Достоевский, несомненно, оценил натуру Соловьева, его бескорыстие, беззаветную отданность высоким замыслам и вместе с тем умозрительную радужность его упований, что подчас вызывало у много пережившего шестидесятилетнего писателя покровительственную улыбку. Литератор Д.И. Стахеев воспроизводит в своих записках сцену, происходившую в его доме:

«Владимир Сергеевич что-то рассказывал, Федор Михайлович слушал, не возражая, но потом придвинул свое кресло к креслу, на котором сидел Соловьев, и, положив ему на плечо руку, сказал:

– Ах, Владимир Сергеевич! Какой ты, смотрю я, хороший человек…

– Благодарю вас, Федор Михайлович, за похвалу…

– Погоди благодарить, погоди, – возразил Достоевский, – я еще не все сказал. Я добавлю к своей похвале, что надо тебе года на три в каторжную работу…

– Господи! За что же?..

– А вот за то, что ты еще недостаточно хорош: тогда-то, после каторги, ты был бы совсем прекрасный и чистый христианин…»113.

В этой зарисовке мемуариста соблазнительно увидеть иллюстрацию к довольно распространенной точке зрения, согласно которой миросозерцание Достоевского противостоит миросозерцанию Соловьева как трагическое – утопическому114. На самом же деле эти два начала в мышлении каждого из них находились в сложном переплетении и приводили к сходным внутренним коллизиям.

Оба приняли близко к сердцу аномальное состояние мира и человеческого духа и были убеждены, что нельзя сохраниться людскому общежитию и ближнему человечеству – России – иначе, как решительно двинувшись по направлению к идеалу.

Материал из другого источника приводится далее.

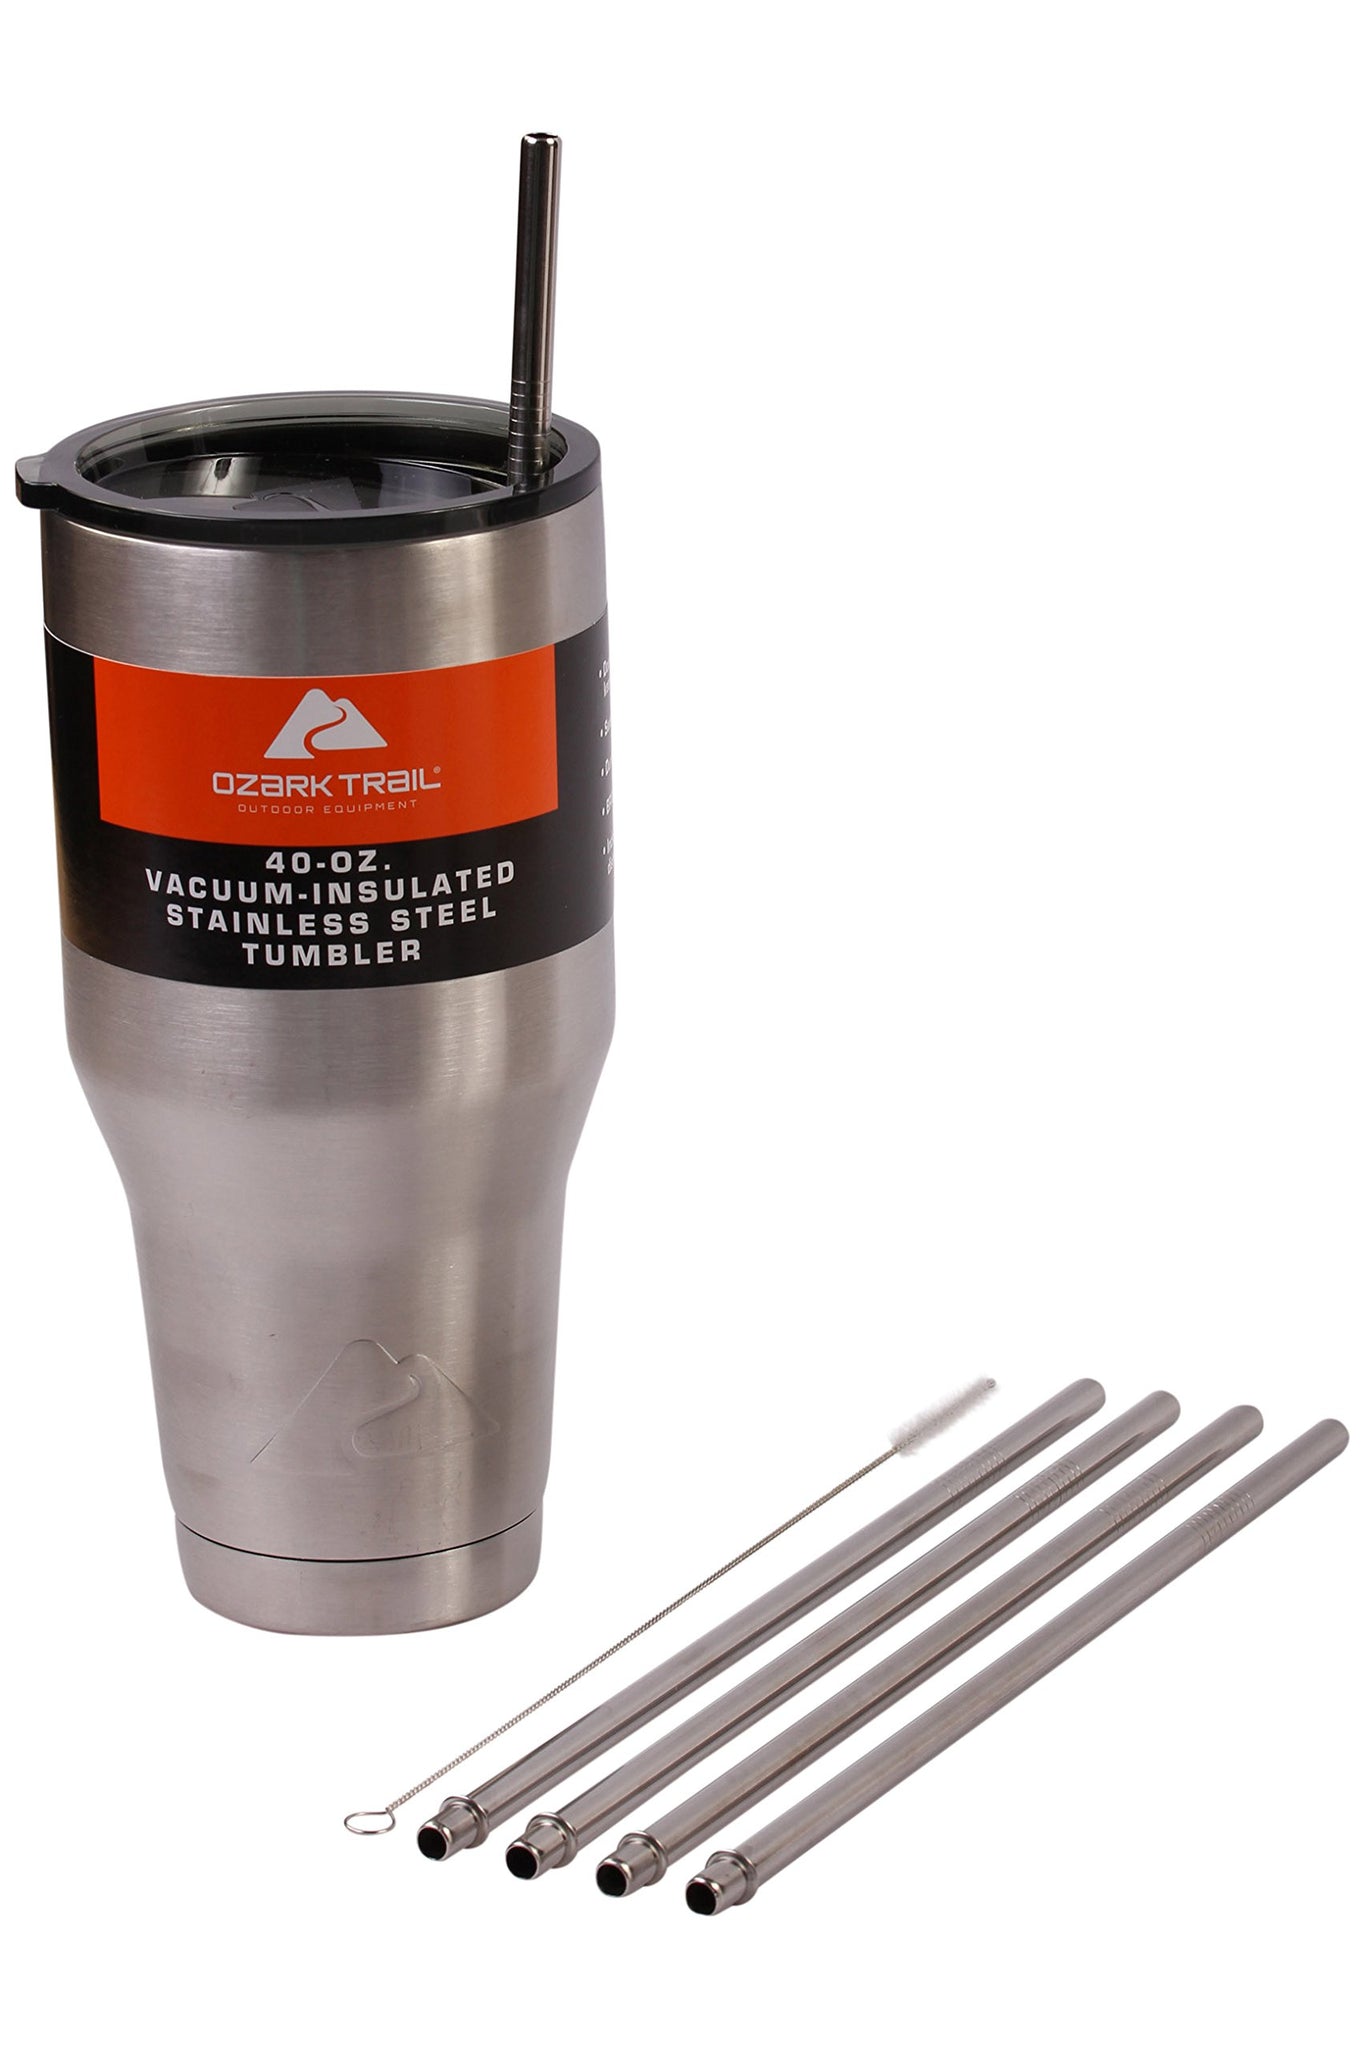 4 Bend Stainless Steel Straws Rocky Mountain 30 Ounce Double-Wall Tumbler Vacuum Cup - CocoStraw Brand Drinking Straw TV

У молодого Соловьева это ощущение «мирового зла», радикальной неустроенности всего окружающего выражалось с остротой юношеского мессианизма, верующего в свое право на вселенский почин: «Сознательное убеждение в том, что настоящее состояние человечества не таково, каким должно быть, значит для меня, что оно должно быть изменено, преобразовано»; «… теперь пришло время не бегать от мира, а идти в мир, чтобы преобразовать его. <…> С такими убеждениями и намерениями я должен казаться совсем сумасшедшим <…>»115. У Достоевского 1870-х годов, давно изжившего – в формах социально-утопического радикализма – максималистский пафос юности, конечно, было меньше пожектерского пыла и больше бережности к наличному органическому строю жизни. Но ведь и Достоевский, устами «смешного человека», которому он по существу доверил свое вúдение истины, свою проповедь и свое бесстрашие перед перспективой показаться «совсем сумасшедшим», свидетельствует с той же, что у Соловьева, убежденностью о глубоком искажении, вкравшемся в бытие: о лжи, эгоизме, обособлении и вражде, определяющих социальную жизнь людей и влекущих за собой космический разлад. Так же, как Соловьев на пороге будущей деятельности, поздний Достоевский в «Сне смешного человека» заявляет о своем неприятии «мирового зла»: «Я не хочу и не могу верить, чтобы зло было нормальным состоянием людей»116 – и демонстрирует одинокий почин, зовущий сообщество людей к совершенству: «И пойду, и пойду!»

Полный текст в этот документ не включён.